2 If it is your birthday at work, you are expected to take in cake for your entire department. Your colleagues will not give you presents. If you are not working, you will be expected to have the neighbours and your partner’s family round for coffee and cake. Don’t forget to put the chairs in a nice ring.

3 If it is your partner or child’s birthday, you must congratulate everyone else in the family. This might sound odd. It goes like this. It is your husband’s birthday. You invite his mother for coffee and cake. She says to you “Congratulations on Fred’s birthday”, you say to her: “Congratulations on your son’s birthday”. You congratulate Fred’s sister on her brother’s birthday and so on. Seriously.
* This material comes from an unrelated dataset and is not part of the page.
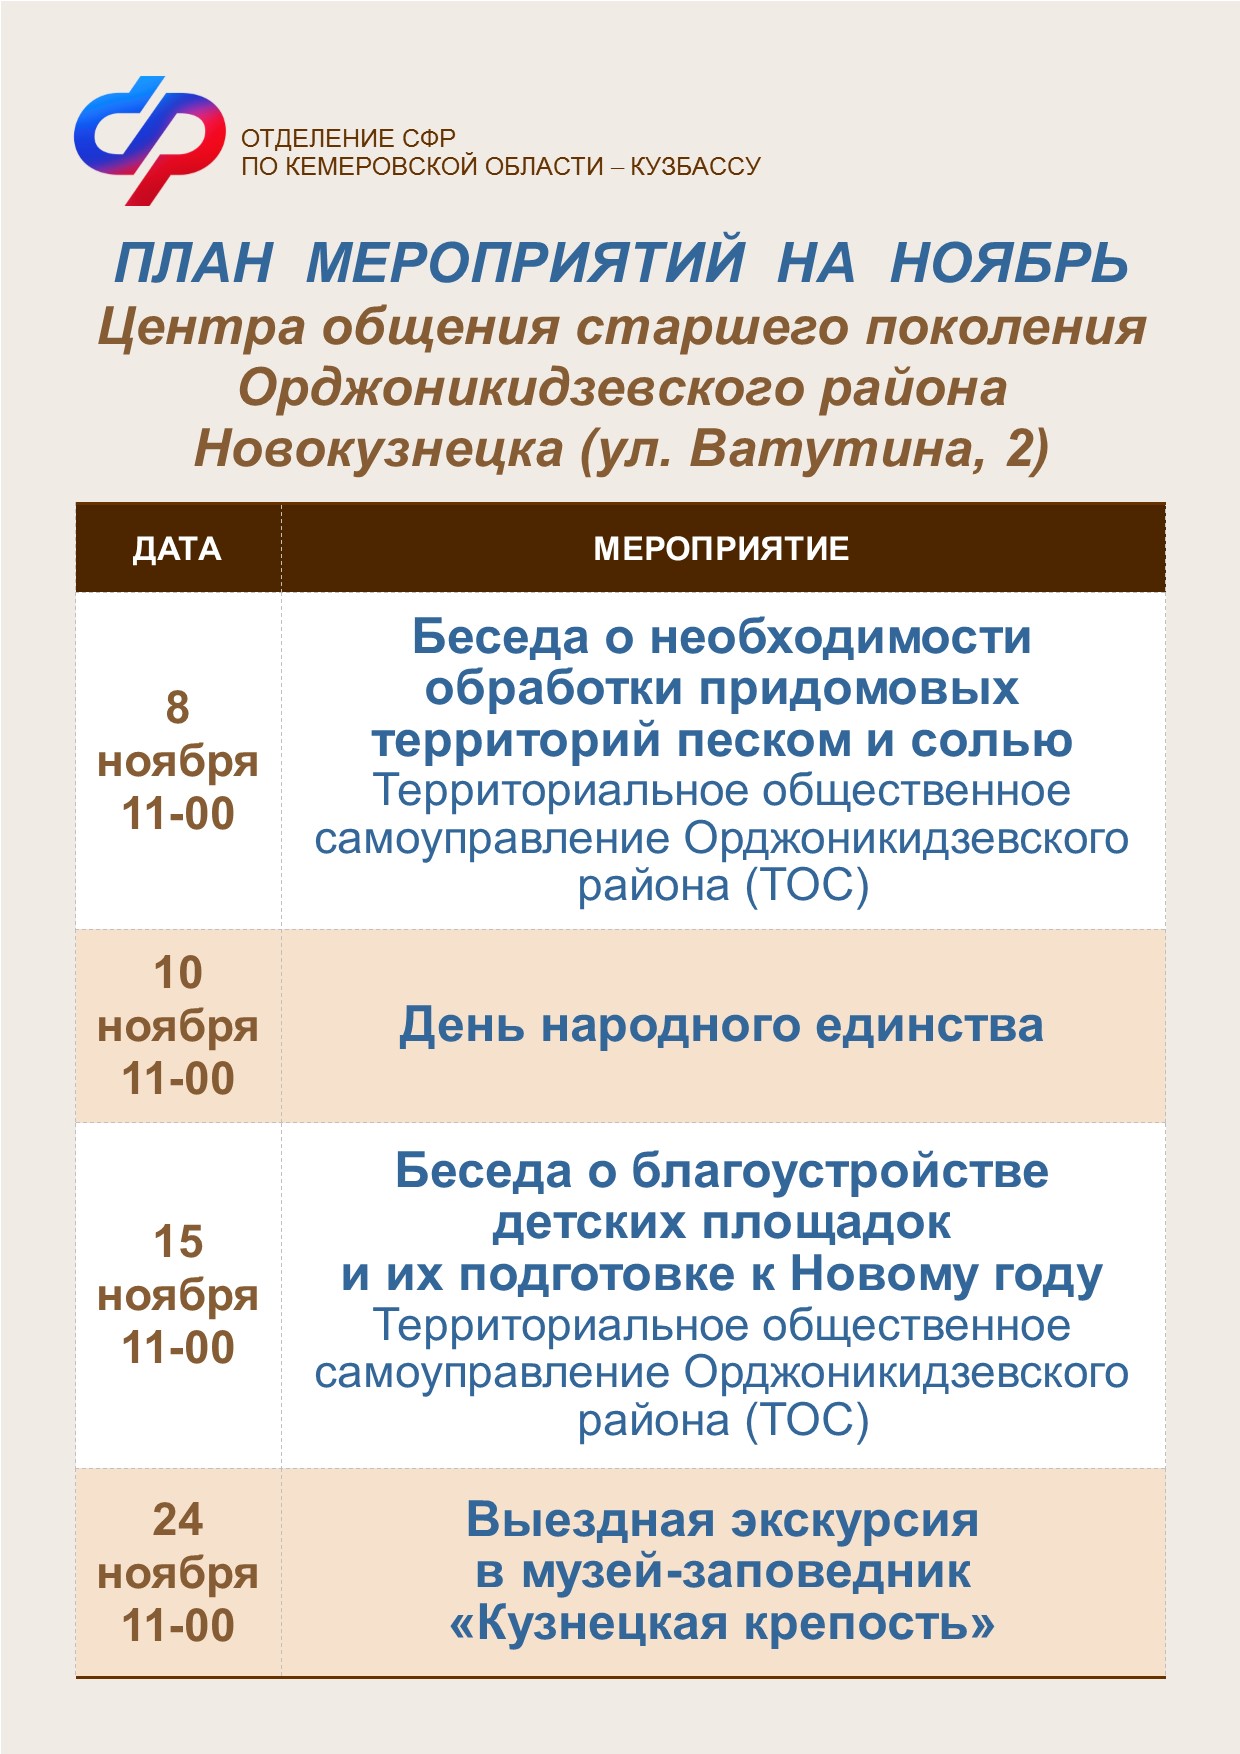 План работы на ноябрь Центра общения старшего поколения Орджоникидзевскиого района Новокузнецка

You do.

4 If it is your child’s birthday and they are at a Dutch primary school, you will be expected to supply a ‘traktatie’ – an edible gift for every child in the class. Some schools have strict ‘no sugar’ rules which means you have to come up with something clever with cucumber and cheese. Some schools also expect you to provide a piece of cake for all the teachers. Luckily this all stops from the age of 12, when your children will start demanding parties with smuggled beer and Bacardi breezers.

5 If you are turning 50, beware of Abraham. The name of the Biblical patriarch Abraham, who reached the ripe old age of 175, is applied to men in the Netherlands when they reach the age of 50. Women are known as Sarah who, according to the Bible, lived until she was 127.

Turn 50 at work, and you may find the company lift plastered with posters announcing that ‘Fred is Abraham’. Fiftieth birthday celebrations in the Netherlands often include songs pointing out the birthday boy or girl is old, grey and past it.